When stars explode as supernovas, they produce shock waves in the plasma surrounding them. So powerful are these shock waves, they can act as particle accelerators that blast streams of particles, called cosmic rays, out into the universe at nearly the speed of light. Yet how exactly they do that has remained something of a mystery.

现在,科学家已经发明了一种新的方式通过建立在实验室震荡的缩小版来研究天体物理冲击波的内部运作。他们发现的天体物理冲击在非常小的规模开发动荡 - 不能被天文观测中可以看出vwin手机版秤 - 朝着冲击波有助于电子踢他们升压到最终,难以置信的速度前。
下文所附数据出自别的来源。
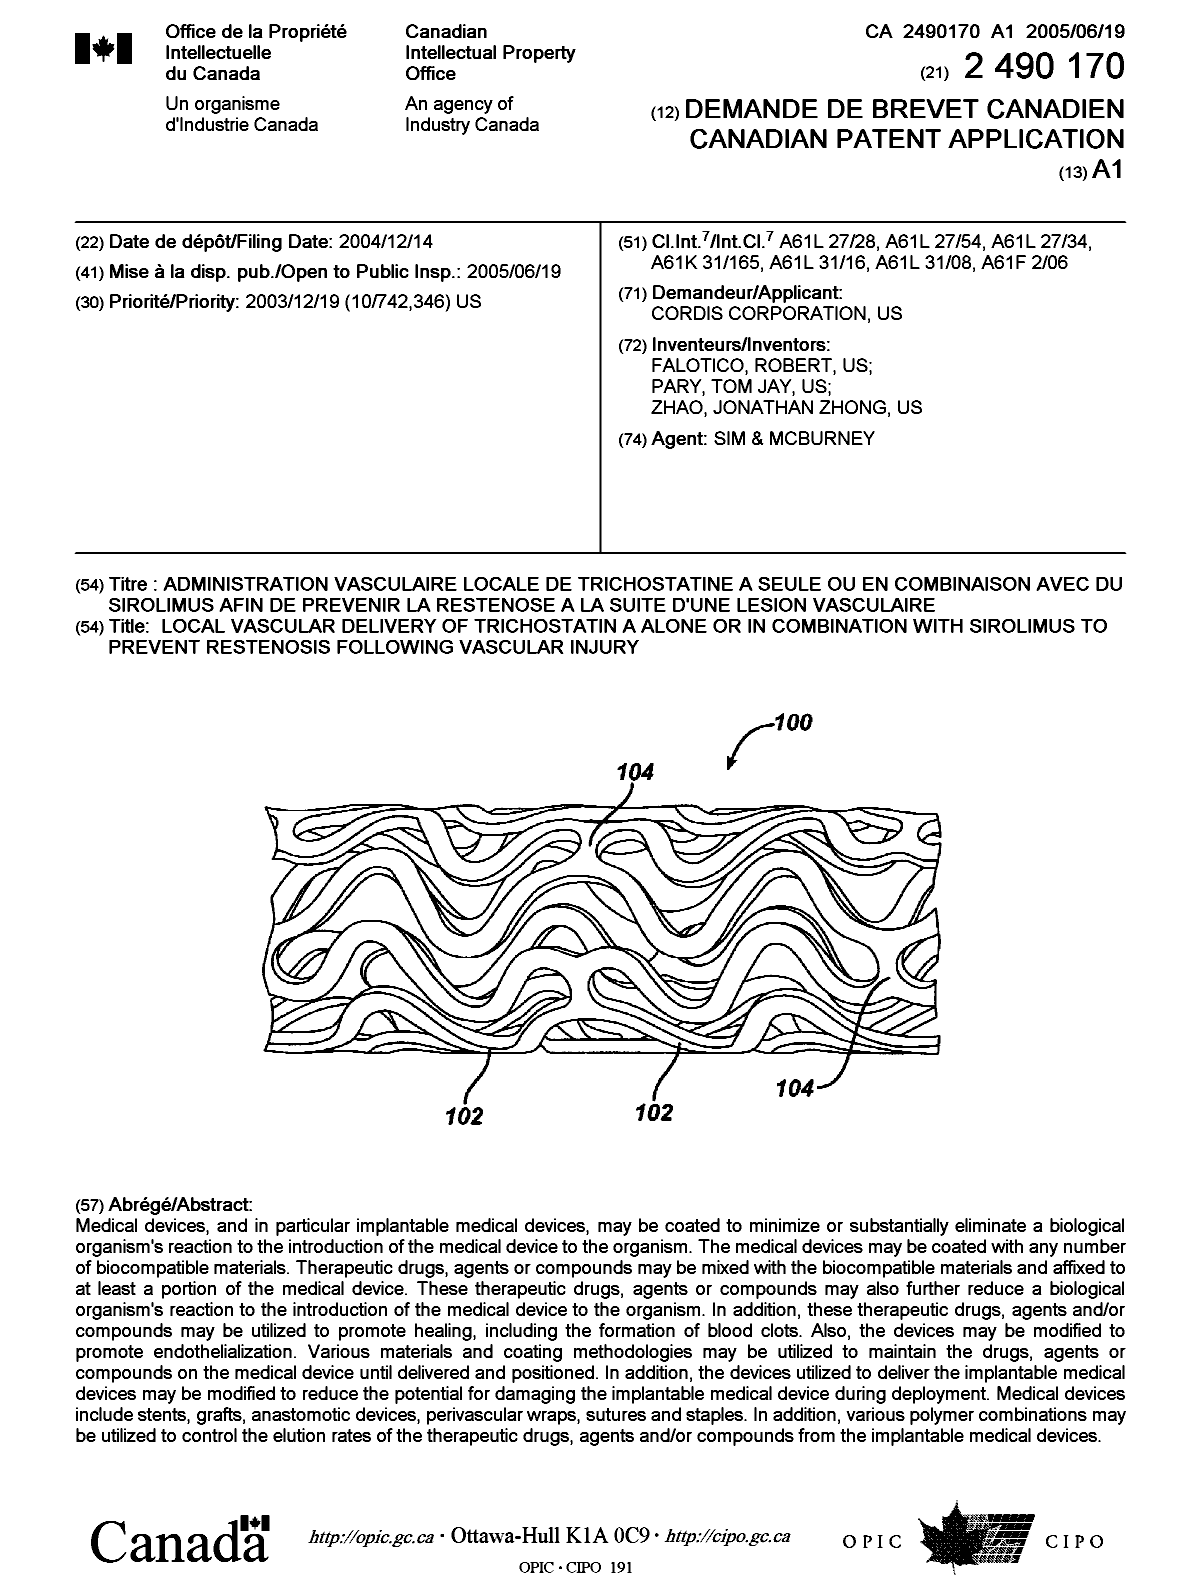 Document de brevet canadien 2490170. Page couverture 20041206. Image 1 de 1

“These are fascinating systems, but because they are so far away it’s hard to study them,” said Frederico Fiuza, a senior staff scientist at the Department of Energy’s SLAC National Accelerator Laboratory, who led the new study. “We are not trying to make supernova remnants in the lab, but we can learn more about the physics of astrophysical shocks there and validate models.”

注射问题

Astrophysical shock waves around supernovas are not unlike the shockwaves and sonic booms that form in front of supersonic jets. The difference is that when a star blow up, it forms what physicists call a collisionless shock in the surrounding gas of ions and free electrons, or plasma. Rather than running into each other as air molecules would, individual electrons and ions are forced this way and that by intense electromagnetic fields within the plasma. In the process, researchers have worked out, supernova remnant shocks produce strong electromagnetic fields that bounce charged particles across the shock multiple times and accelerate them to extreme speeds.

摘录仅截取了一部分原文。